= Rooster olives =

Chinese olives

Rooster olives are Chinese olives and olive dishes sold by street vendors in Guangzhou, China in a tradition dating back to the Qing dynasty. The vendors are garbed in a traditional, brightly colored rooster costume playing suasion horn and yelling, in residential areas. In some places, chicken and lam is called "flying lam", because the vendors throw the olives to customers living on higher floors. They pack the olive in a small paper bag, and if someone throws money at them, they throw back an olive.

== Chicken and lam ==
Olives are a traditional Chinese ingredient, one used in dishes such as Chicken and Lam (Lam is the Chinese word for a white olive.)

Fresh olives undergo a complicated process; mixed with Chinese herbs and seasoning. Different pickling procedures make for varied flavors. The sweet version is Shun Lam, the salty one is Licorice Lam, the spicy one is Chili Lam.

The pickled olive is placed inside chicken dressing.

== History ==
Chicken and Lam became popular during the 1930s and 1940s, due to the increasing pace of life. More recently the practice mostly ended.

The Shangxiajiu Road, the busiest business district, is probably the only place where Chicken and Lam is still offered. This is because the Guangzhou Government classified the dish and practice as part of the city's cultural heritage. Subsidies are offered to encourage now-licensed, government employee vendors to continue.

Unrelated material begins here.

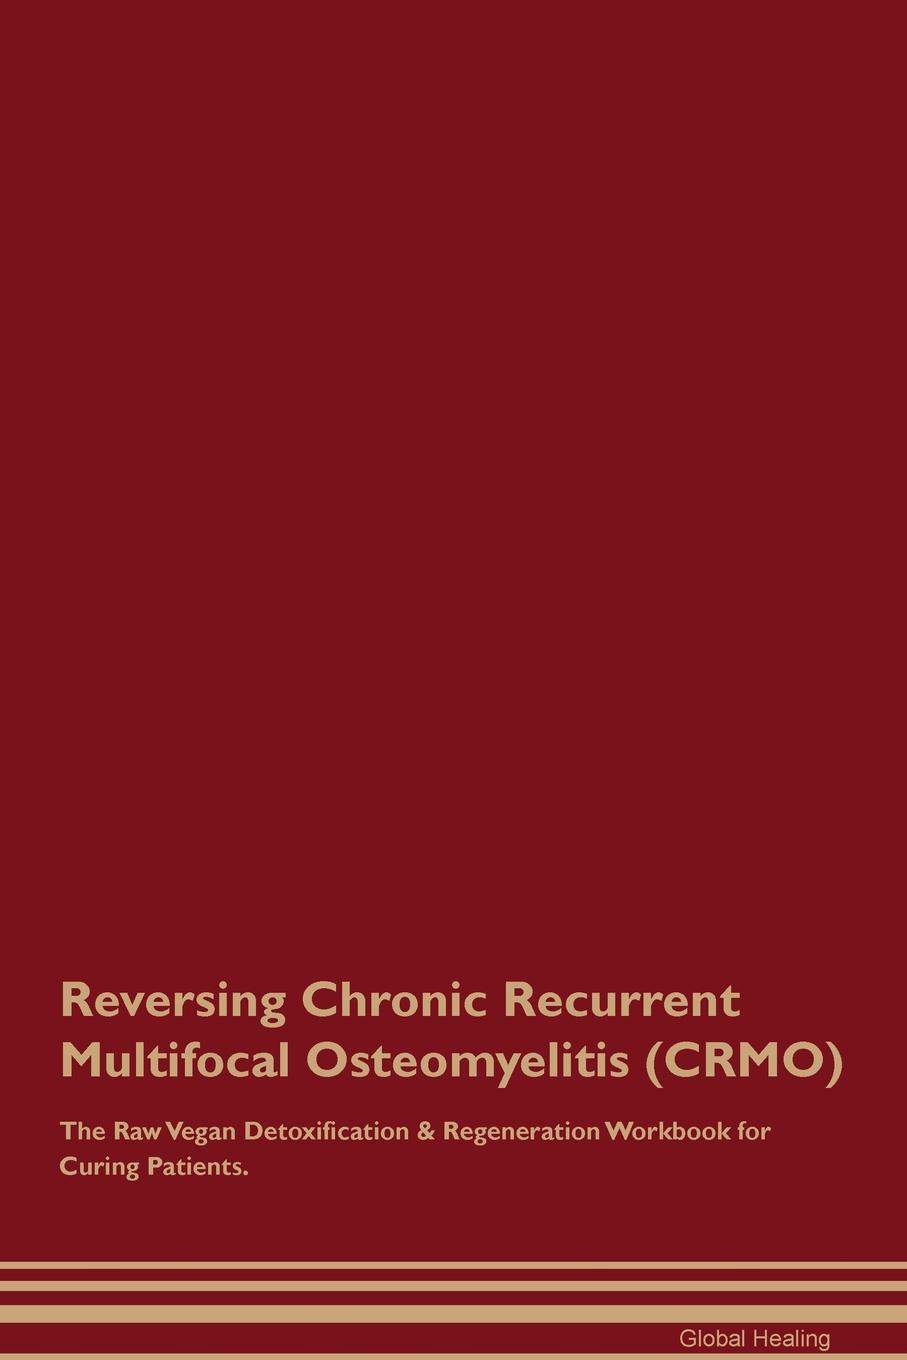 Reversing Chronic Recurrent Multifocal Osteomyelitis (CRMO) The Raw Vegan Detoxification & Regeneration Workbook for Curing Patients

A vendor can sell around 50 servings of Chicken and Lam per day. However, the job is demanding. One vendor stated, 'The chicken dressing weigh's 5 kg and we have to wear it for 12 hours every day'. The long work hours is believed to be another reason that stops young people from becoming vendors.

== Nutrition ==
The vitamin C content of Chinese olives is 10 times that of apples and 5 times that of pears. It offers higher calcium, protein, carbohydrate, fiber, iron and phosphorus.